Work to complete
Locate every line in the records below that contains the word "Flower", and copy each one.

Dataset excerpts
=== Begin Enclosure ===

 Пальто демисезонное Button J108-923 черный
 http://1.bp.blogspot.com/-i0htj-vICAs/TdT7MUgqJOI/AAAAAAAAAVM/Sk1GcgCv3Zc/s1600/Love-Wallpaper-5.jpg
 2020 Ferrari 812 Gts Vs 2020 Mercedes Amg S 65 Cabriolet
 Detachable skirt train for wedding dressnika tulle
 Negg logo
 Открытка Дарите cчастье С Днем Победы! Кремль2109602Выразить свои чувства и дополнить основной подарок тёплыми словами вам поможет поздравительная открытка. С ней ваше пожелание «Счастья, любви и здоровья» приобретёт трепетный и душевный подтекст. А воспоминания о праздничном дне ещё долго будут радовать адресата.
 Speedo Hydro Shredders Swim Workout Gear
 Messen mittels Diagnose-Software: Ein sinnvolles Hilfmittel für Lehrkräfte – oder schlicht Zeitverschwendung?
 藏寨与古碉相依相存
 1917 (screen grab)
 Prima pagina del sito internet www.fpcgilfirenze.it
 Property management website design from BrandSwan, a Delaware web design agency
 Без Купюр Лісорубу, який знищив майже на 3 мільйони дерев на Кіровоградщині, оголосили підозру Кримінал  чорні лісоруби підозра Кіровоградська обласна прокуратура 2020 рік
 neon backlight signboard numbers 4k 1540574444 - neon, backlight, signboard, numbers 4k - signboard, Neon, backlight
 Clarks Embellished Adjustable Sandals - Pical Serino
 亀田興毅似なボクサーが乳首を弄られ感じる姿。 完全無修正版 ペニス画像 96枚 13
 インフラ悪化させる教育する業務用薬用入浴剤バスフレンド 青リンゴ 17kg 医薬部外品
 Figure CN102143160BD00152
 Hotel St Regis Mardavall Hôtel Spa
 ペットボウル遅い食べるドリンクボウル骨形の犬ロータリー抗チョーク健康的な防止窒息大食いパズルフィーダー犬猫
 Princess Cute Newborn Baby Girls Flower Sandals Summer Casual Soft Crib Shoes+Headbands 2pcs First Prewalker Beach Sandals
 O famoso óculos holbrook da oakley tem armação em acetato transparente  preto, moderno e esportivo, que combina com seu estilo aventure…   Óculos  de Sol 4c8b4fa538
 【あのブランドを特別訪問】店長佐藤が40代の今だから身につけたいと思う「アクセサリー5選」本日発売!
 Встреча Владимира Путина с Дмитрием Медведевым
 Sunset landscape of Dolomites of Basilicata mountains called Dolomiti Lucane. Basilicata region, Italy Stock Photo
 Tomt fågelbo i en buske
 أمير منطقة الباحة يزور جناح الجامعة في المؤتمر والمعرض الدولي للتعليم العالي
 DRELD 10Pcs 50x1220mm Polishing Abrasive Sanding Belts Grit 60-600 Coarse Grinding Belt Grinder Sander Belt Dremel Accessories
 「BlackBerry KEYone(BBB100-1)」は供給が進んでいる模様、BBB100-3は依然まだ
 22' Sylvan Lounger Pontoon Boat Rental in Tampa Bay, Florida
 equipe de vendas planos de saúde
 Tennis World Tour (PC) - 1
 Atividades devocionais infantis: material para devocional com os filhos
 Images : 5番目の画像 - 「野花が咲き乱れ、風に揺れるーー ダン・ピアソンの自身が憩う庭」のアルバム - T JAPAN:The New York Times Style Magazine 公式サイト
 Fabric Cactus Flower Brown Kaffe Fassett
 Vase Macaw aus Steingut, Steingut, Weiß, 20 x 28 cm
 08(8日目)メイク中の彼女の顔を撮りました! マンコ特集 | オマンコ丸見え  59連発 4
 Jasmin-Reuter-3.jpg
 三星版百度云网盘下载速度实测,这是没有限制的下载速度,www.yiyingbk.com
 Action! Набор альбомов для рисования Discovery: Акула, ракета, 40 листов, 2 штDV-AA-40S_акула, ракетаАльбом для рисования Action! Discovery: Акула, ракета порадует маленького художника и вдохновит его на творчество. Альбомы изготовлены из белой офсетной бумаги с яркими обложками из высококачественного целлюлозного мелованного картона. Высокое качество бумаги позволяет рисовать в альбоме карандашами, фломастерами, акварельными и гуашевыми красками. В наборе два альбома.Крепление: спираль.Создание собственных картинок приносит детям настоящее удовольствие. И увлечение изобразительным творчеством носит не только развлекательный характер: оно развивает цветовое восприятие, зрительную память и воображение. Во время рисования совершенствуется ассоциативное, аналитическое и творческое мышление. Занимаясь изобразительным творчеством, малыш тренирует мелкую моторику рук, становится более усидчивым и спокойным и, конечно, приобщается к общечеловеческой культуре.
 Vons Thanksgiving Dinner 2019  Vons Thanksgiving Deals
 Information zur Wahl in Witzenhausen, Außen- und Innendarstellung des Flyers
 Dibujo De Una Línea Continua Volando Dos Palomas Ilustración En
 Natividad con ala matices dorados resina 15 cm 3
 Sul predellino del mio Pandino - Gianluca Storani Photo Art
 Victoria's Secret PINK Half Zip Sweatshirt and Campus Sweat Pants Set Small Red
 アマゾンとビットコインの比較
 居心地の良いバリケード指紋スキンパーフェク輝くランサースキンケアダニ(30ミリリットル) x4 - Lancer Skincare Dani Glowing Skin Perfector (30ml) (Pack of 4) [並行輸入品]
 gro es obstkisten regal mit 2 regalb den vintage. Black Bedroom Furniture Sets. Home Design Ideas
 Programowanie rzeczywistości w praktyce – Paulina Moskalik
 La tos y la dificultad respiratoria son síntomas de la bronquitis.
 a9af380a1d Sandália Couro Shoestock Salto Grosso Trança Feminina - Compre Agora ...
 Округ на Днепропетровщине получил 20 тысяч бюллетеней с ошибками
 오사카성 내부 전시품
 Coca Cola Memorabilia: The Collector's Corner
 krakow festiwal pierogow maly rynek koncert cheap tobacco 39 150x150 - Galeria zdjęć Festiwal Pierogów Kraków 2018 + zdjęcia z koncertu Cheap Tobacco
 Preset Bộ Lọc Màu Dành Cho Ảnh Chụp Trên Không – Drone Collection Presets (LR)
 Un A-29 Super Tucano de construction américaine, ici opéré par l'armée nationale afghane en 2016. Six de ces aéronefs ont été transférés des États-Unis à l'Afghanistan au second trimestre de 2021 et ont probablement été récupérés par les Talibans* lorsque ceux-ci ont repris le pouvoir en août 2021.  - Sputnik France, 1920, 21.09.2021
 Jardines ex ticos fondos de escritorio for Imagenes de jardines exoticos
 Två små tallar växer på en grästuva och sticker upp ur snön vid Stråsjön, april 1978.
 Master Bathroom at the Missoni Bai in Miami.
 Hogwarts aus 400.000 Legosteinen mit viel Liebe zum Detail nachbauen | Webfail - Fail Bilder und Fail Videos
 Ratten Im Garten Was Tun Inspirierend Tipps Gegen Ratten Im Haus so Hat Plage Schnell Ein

=== End Enclosure ===

Written reply
 Princess Cute Newborn Baby Girls Flower Sandals Summer Casual Soft Crib Shoes+Headbands 2pcs First Prewalker Beach Sandals
 Fabric Cactus Flower Brown Kaffe Fassett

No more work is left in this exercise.